▶ Recorded information:
----
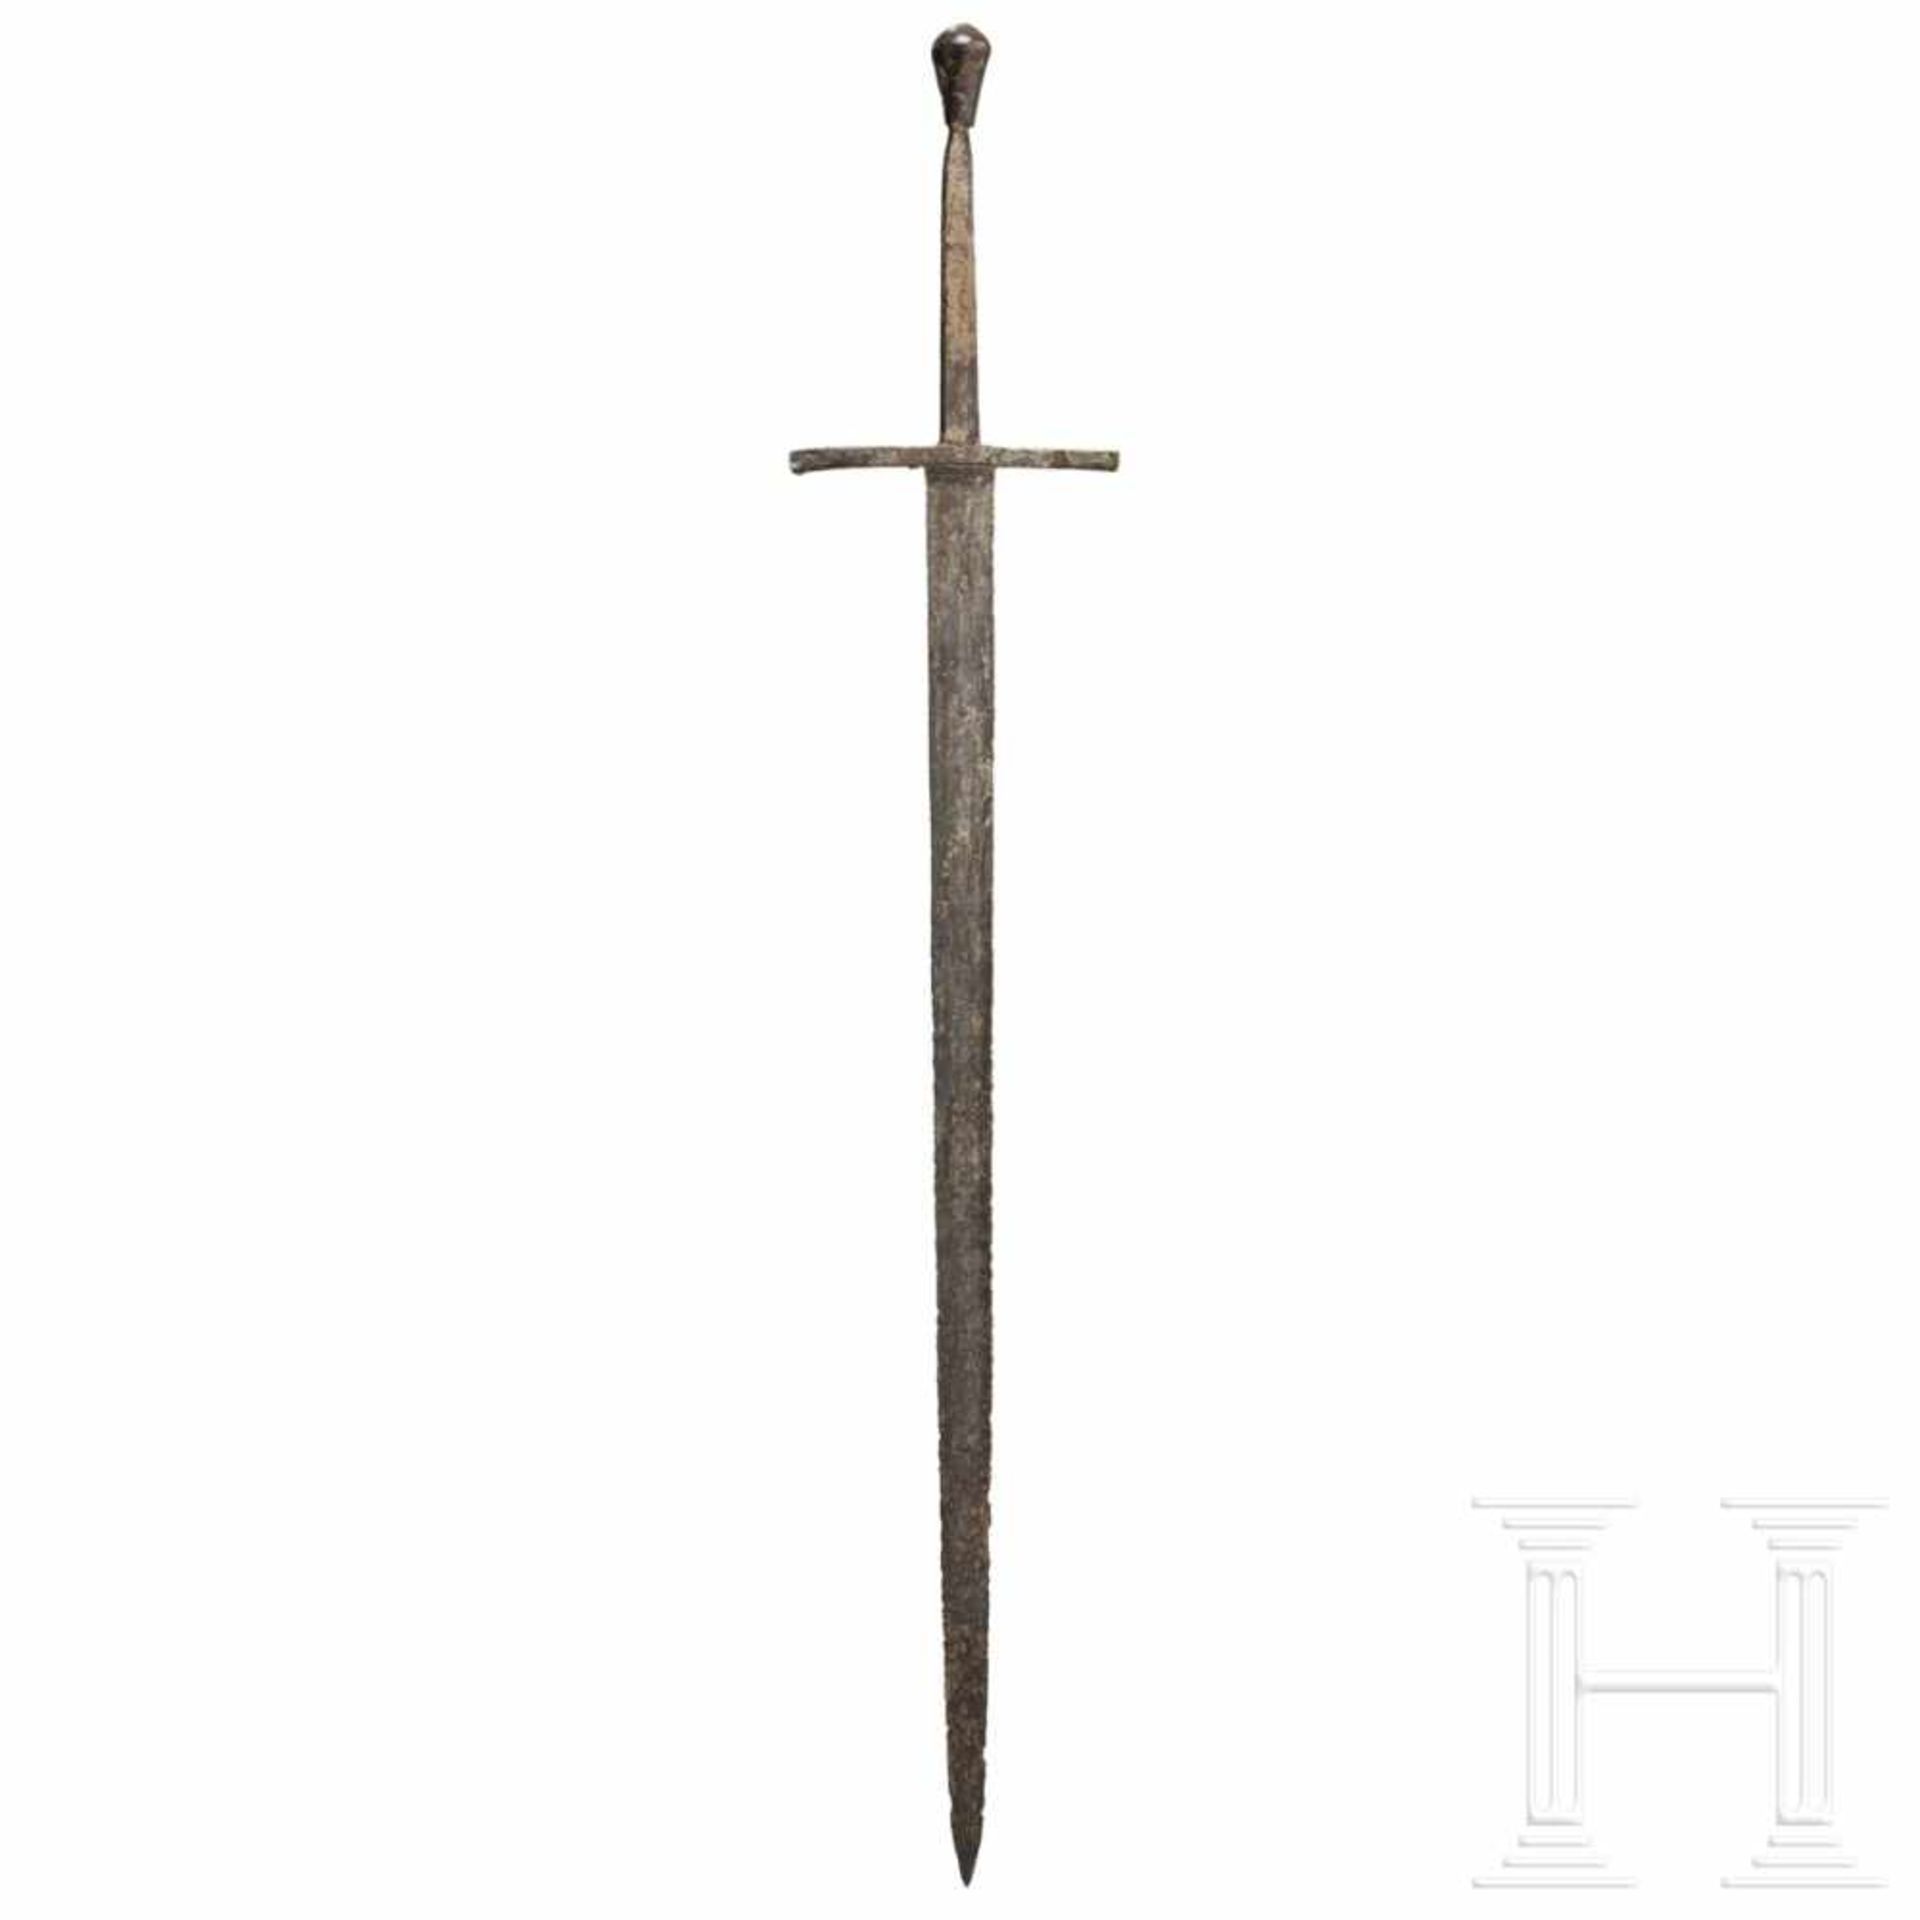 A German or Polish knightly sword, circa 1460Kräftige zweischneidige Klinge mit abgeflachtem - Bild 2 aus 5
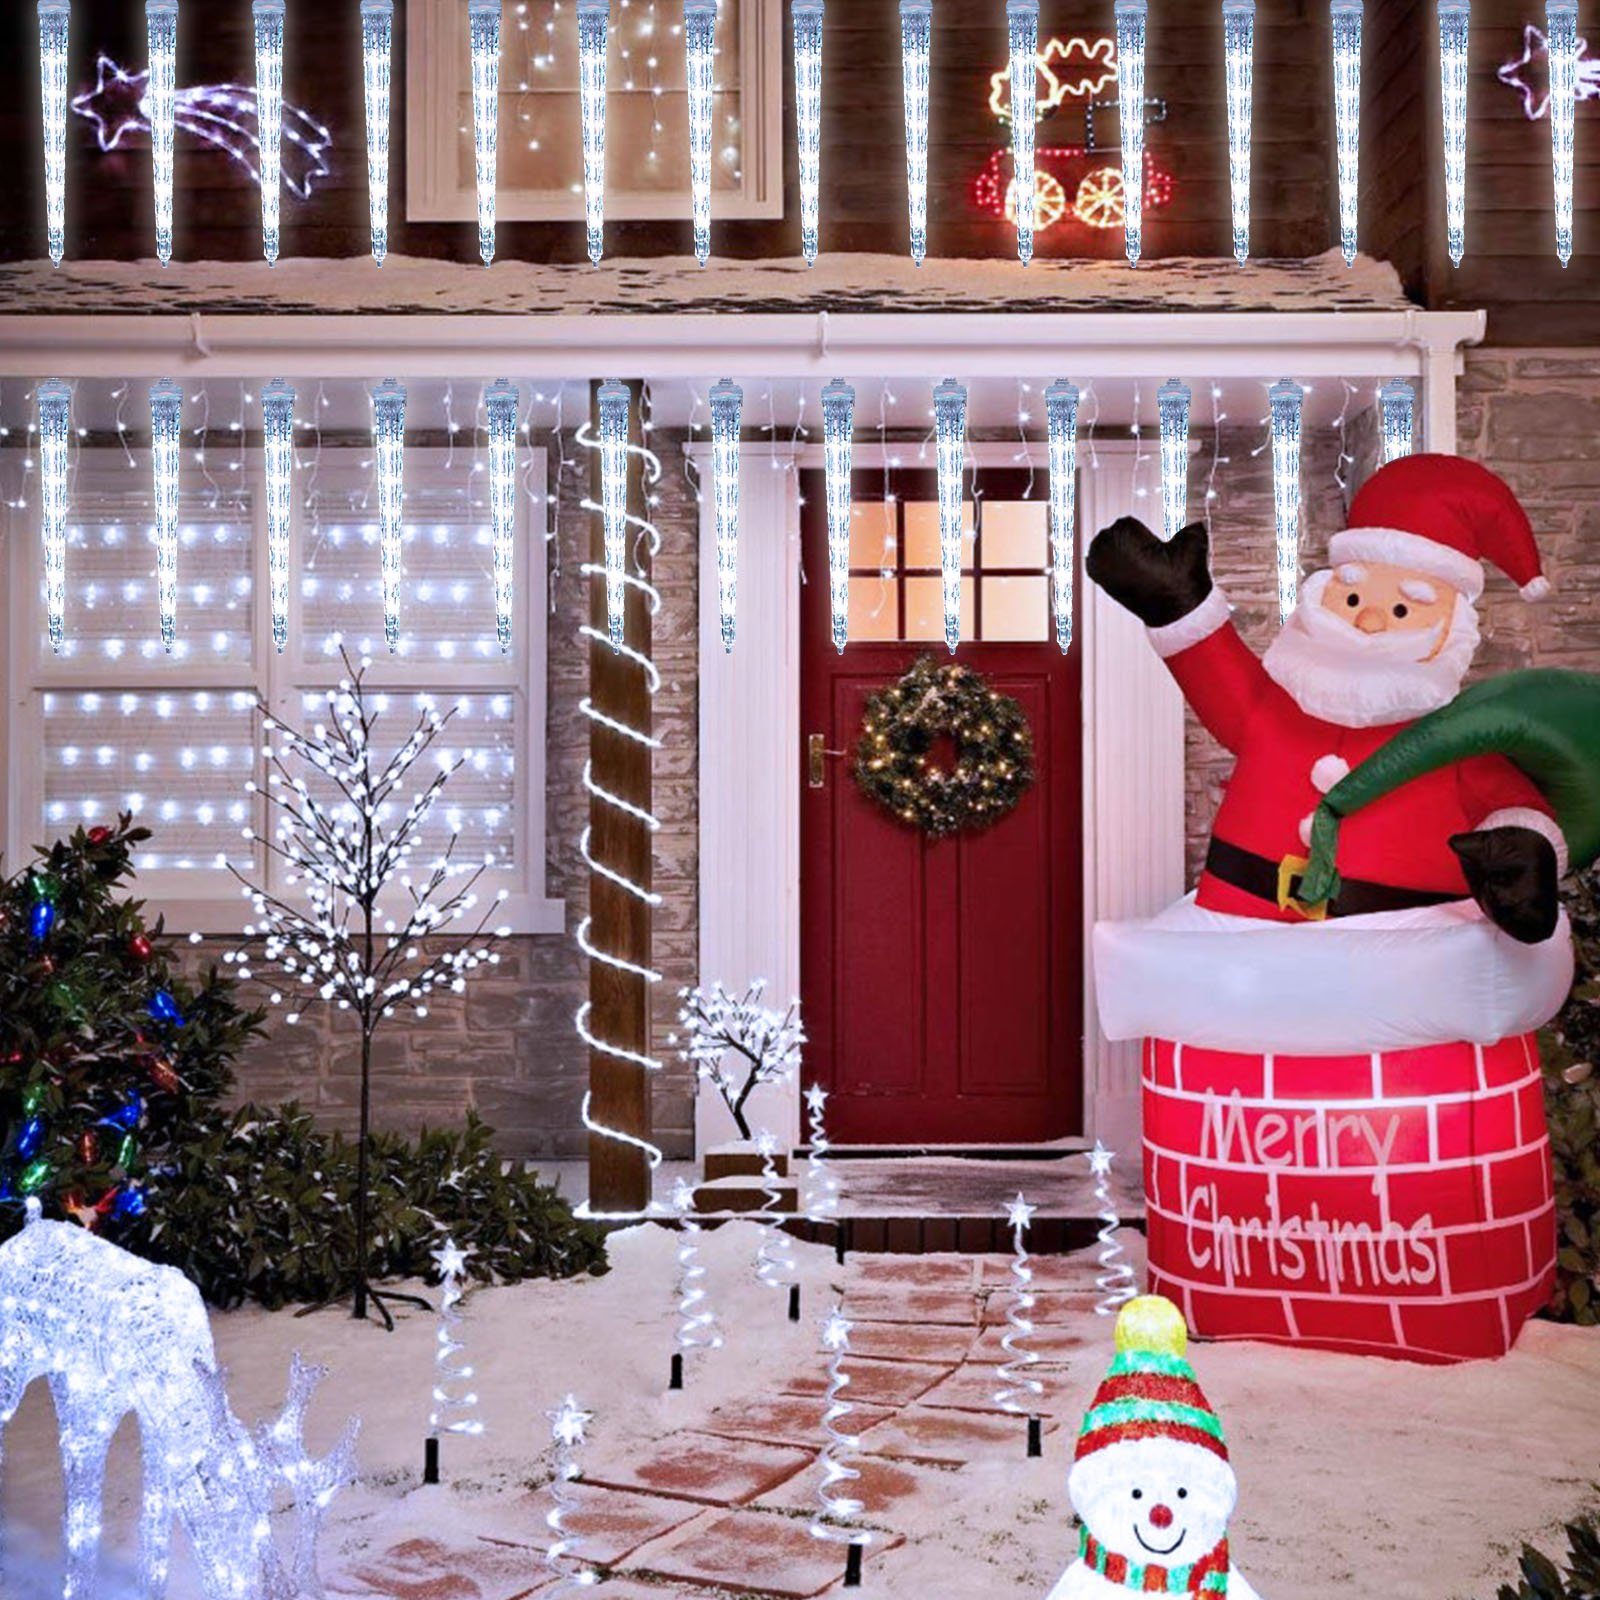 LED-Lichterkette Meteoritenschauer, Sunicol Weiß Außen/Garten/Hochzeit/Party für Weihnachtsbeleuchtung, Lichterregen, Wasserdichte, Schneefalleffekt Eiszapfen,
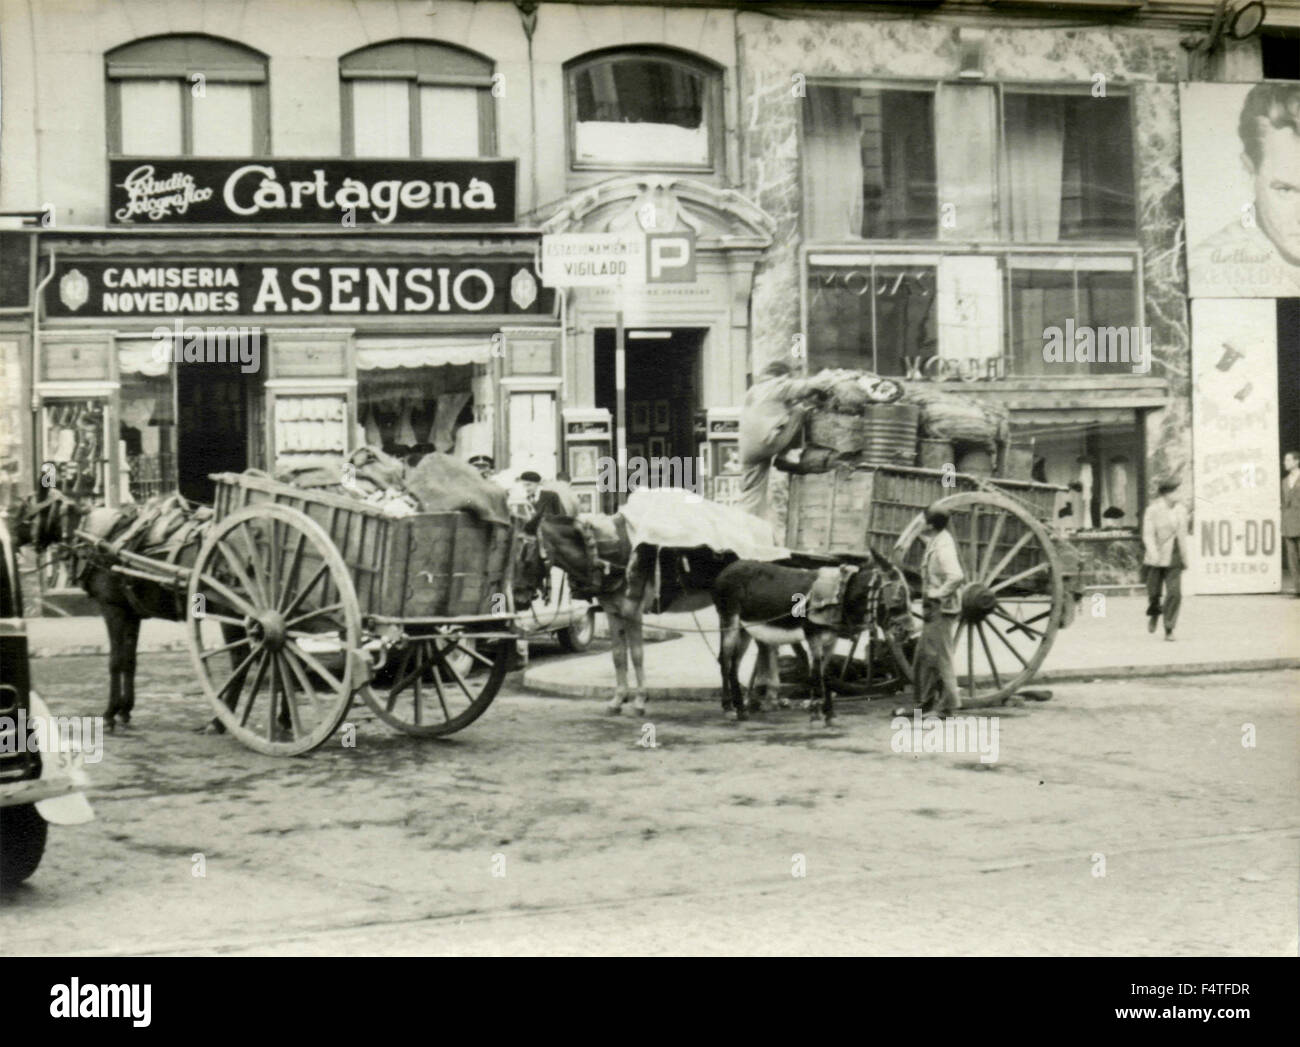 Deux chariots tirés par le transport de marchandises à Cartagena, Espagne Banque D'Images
----
▶ Problem to work on:
Without the pictures, write out the whole listing exactly as it appears.

▶ Response to this exercise:
 A German or Polish knightly sword, circa 1460Kräftige zweischneidige Klinge mit abgeflachtem - Bild 2 aus 5
 LED-Lichterkette Meteoritenschauer, Sunicol Weiß Außen/Garten/Hochzeit/Party für Weihnachtsbeleuchtung, Lichterregen, Wasserdichte, Schneefalleffekt Eiszapfen,
 Deux chariots tirés par le transport de marchandises à Cartagena, Espagne Banque D'Images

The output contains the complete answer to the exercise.